**What is being asked**
Among the entries below, find the line with "Red Light Burger" and the line with "field hockey player.". Return exactly those lines and every line between them, but no pictures.
== Exercise material
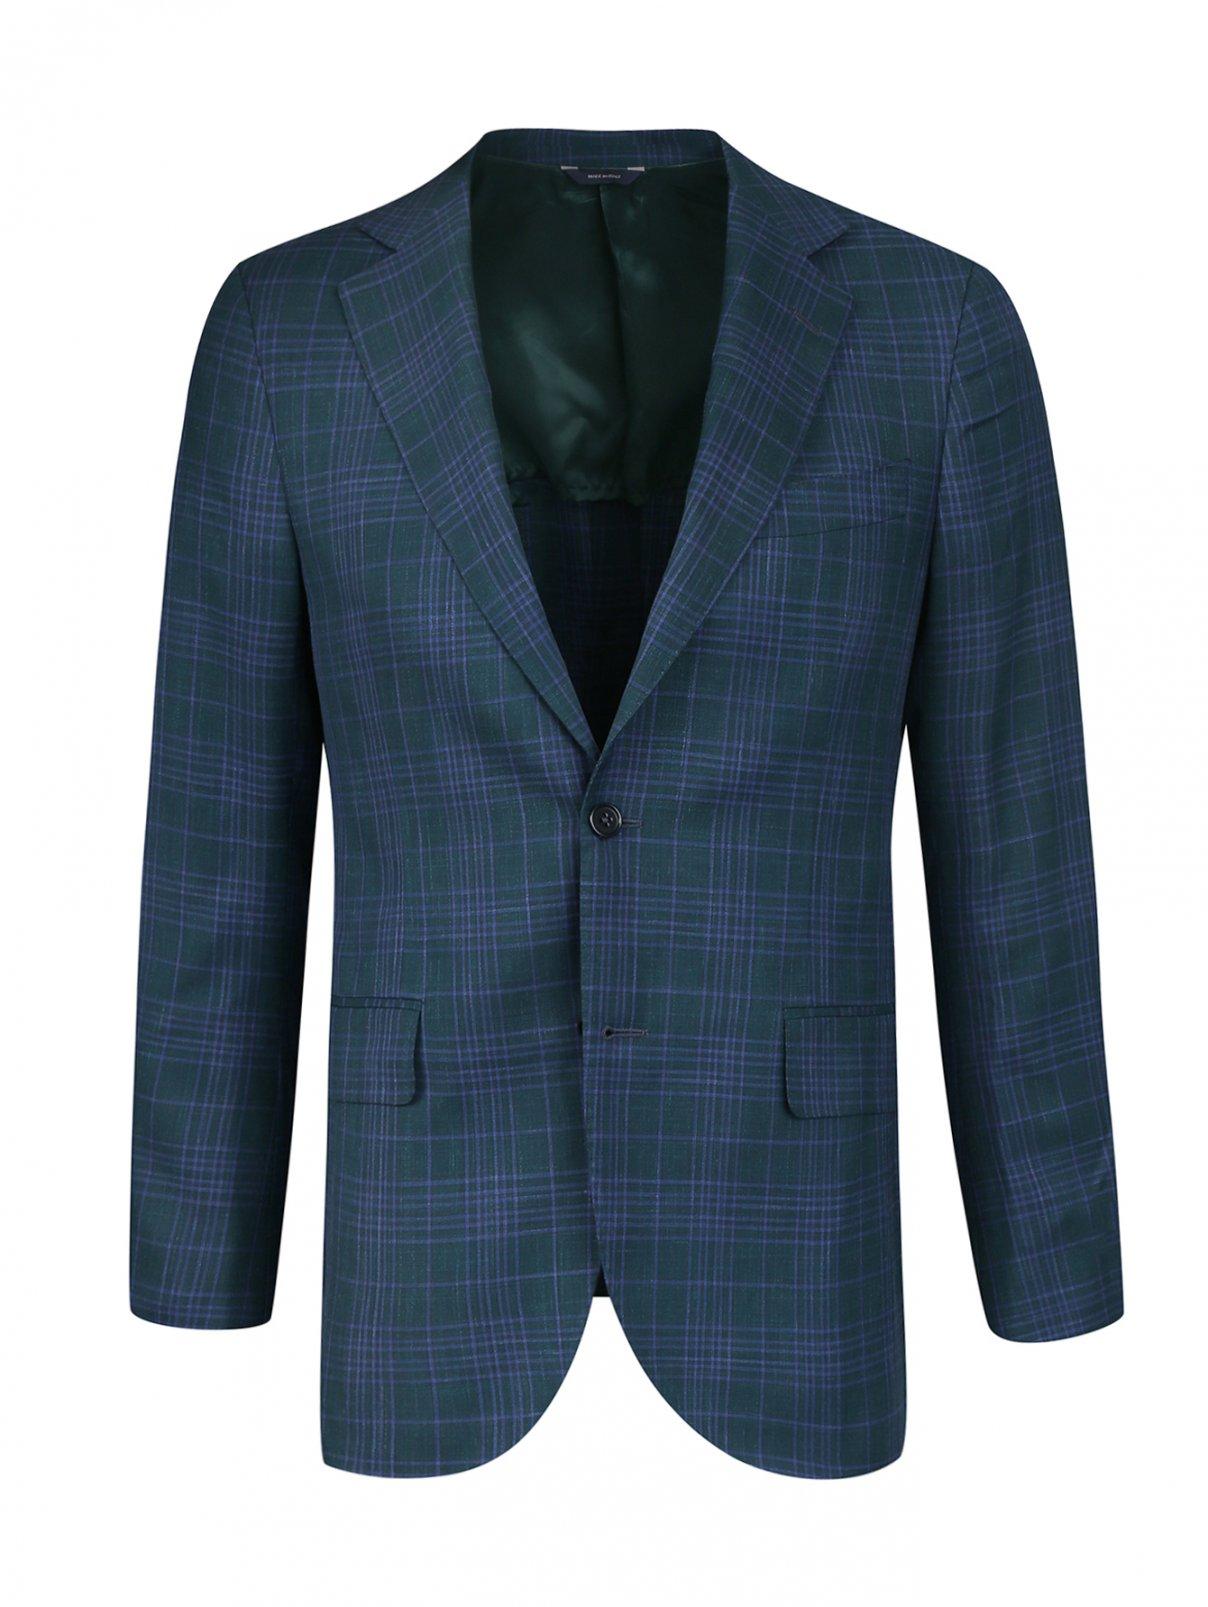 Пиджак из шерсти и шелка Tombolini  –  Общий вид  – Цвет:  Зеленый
====
== Exercise material
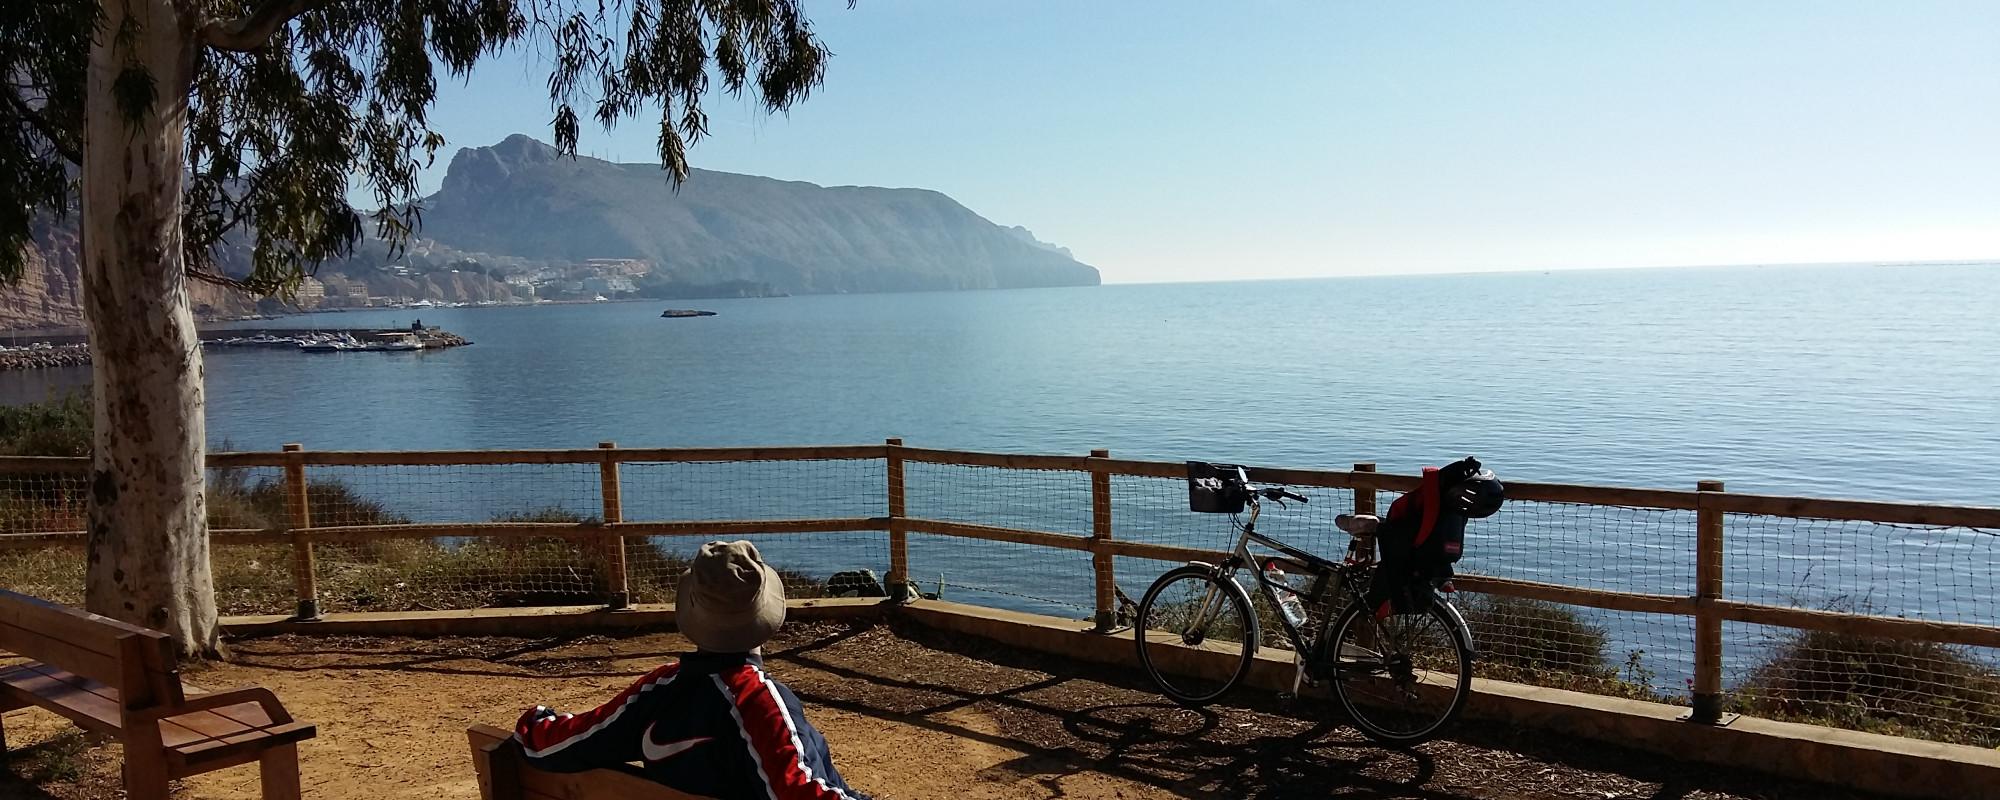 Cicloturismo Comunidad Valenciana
====
== Exercise material
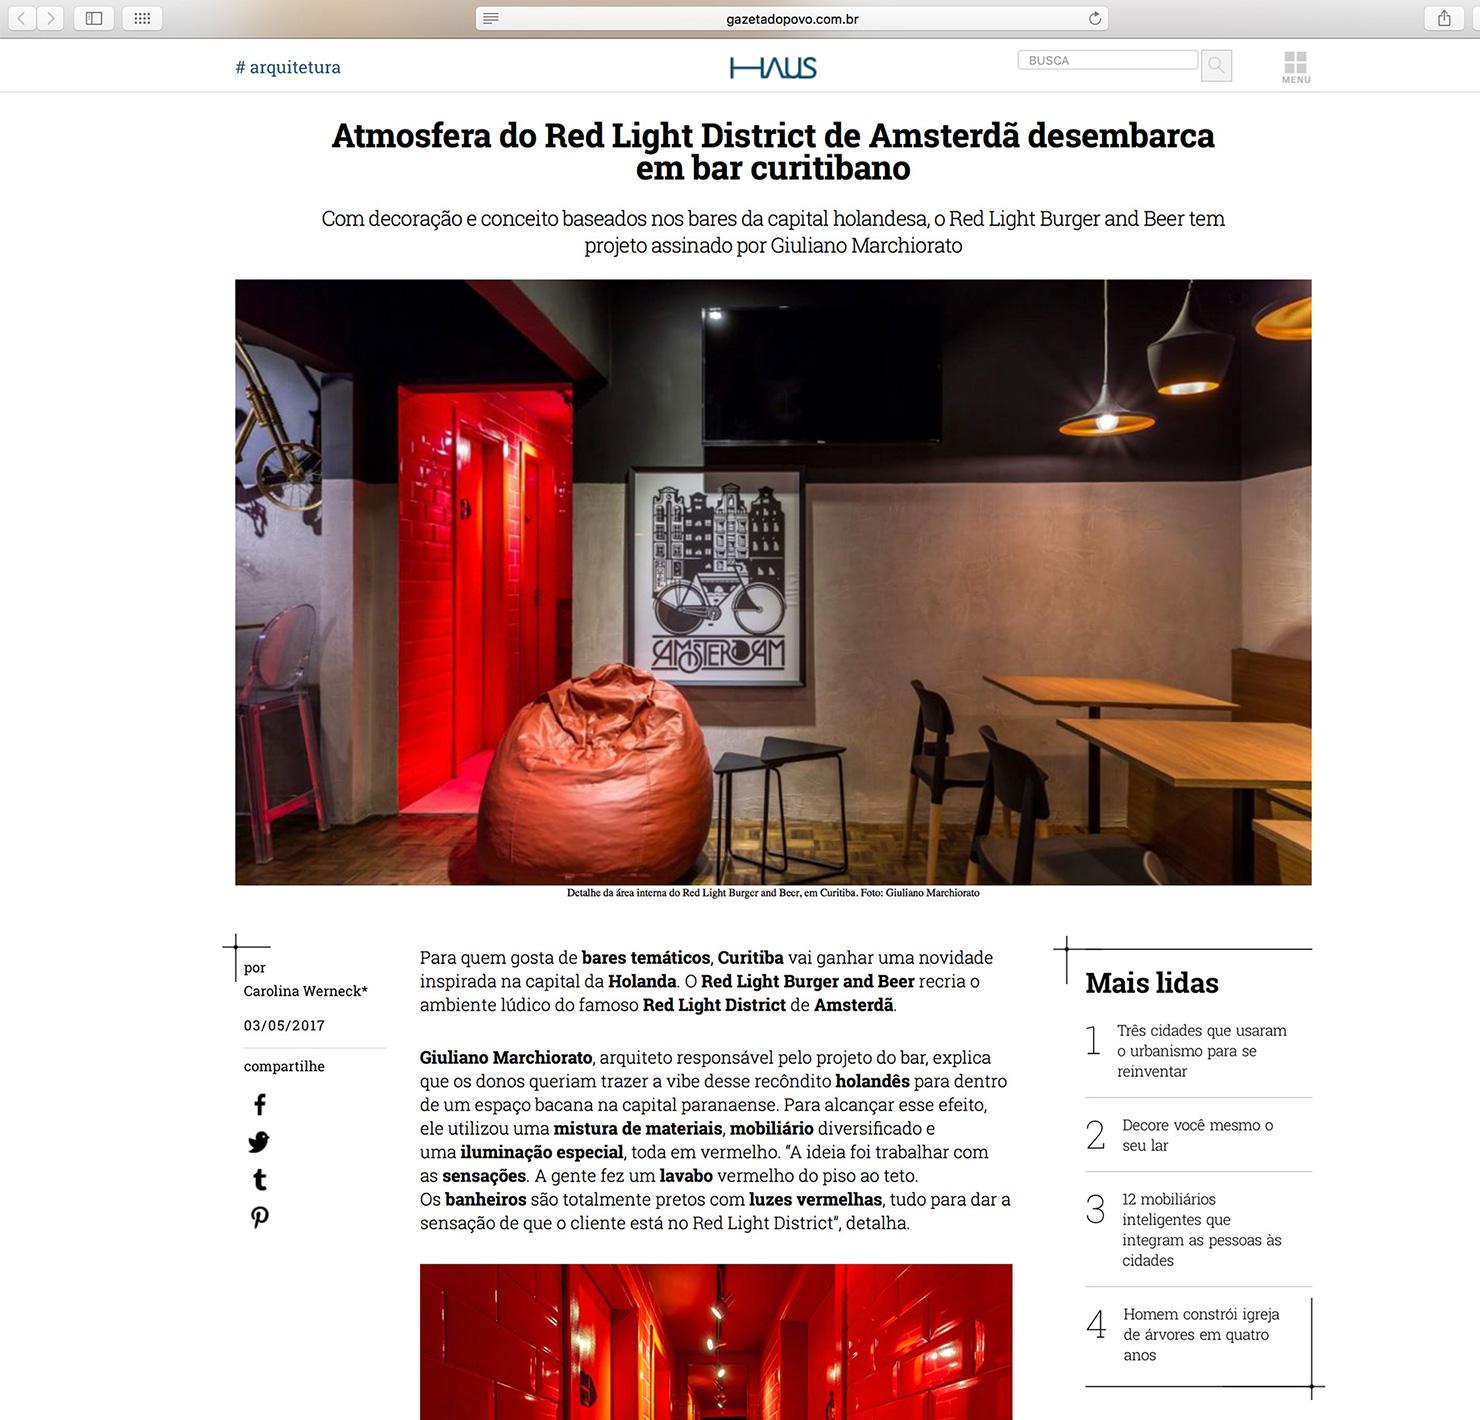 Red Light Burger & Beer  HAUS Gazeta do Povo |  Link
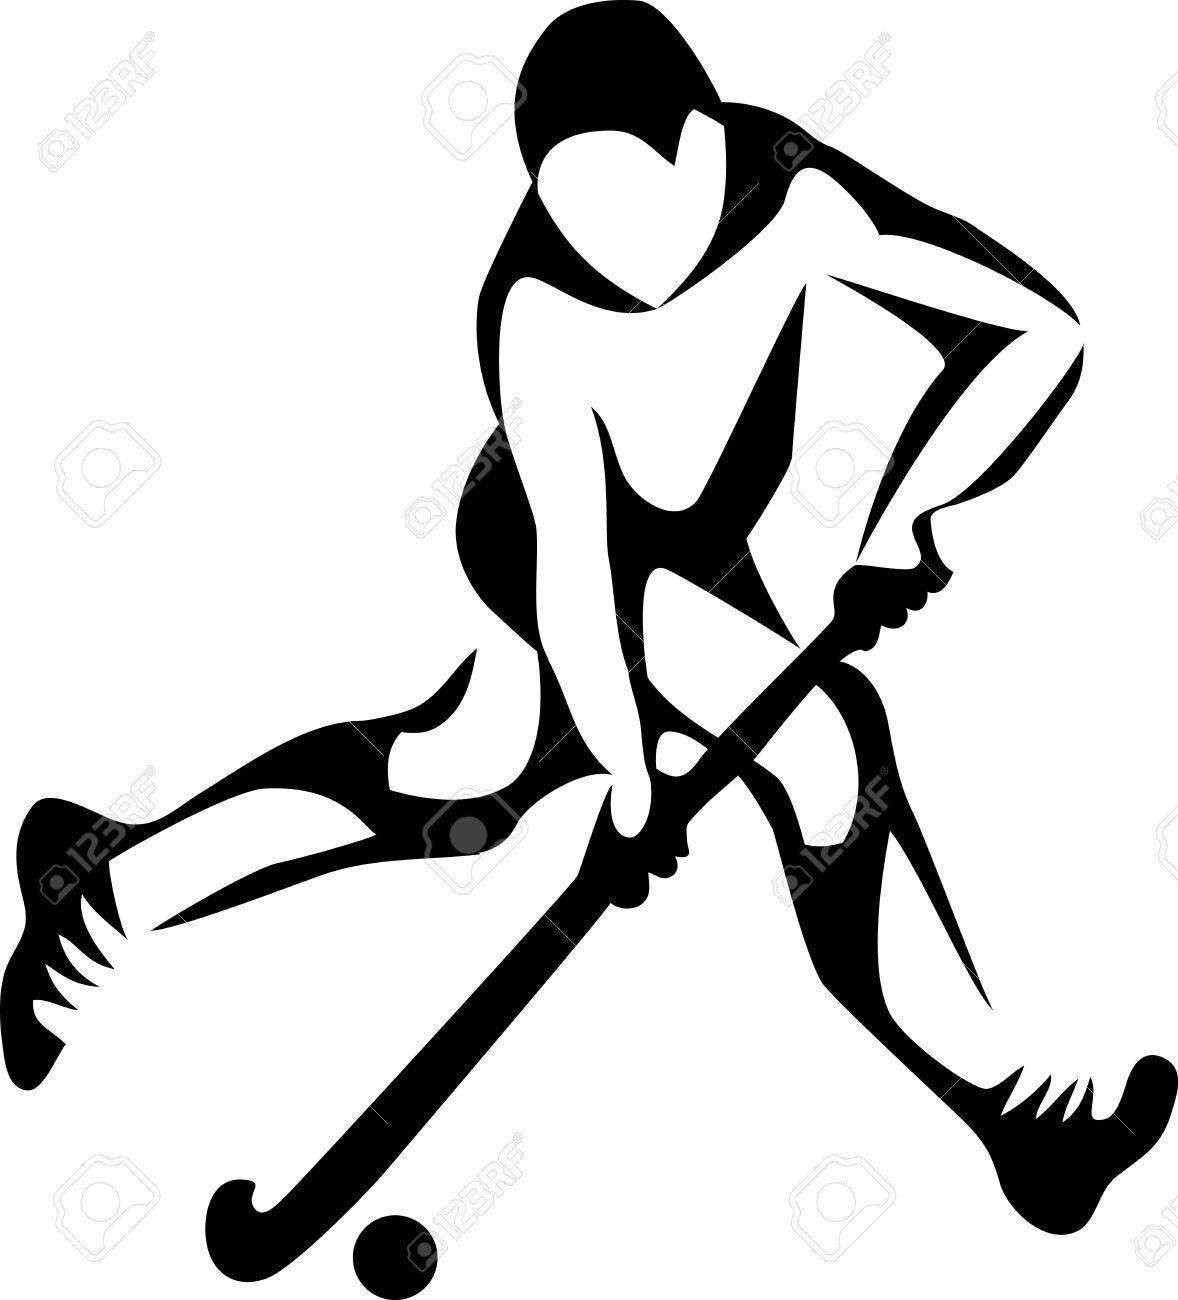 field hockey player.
====
**Task result**
 Red Light Burger & Beer  HAUS Gazeta do Povo |  Link
 field hockey player.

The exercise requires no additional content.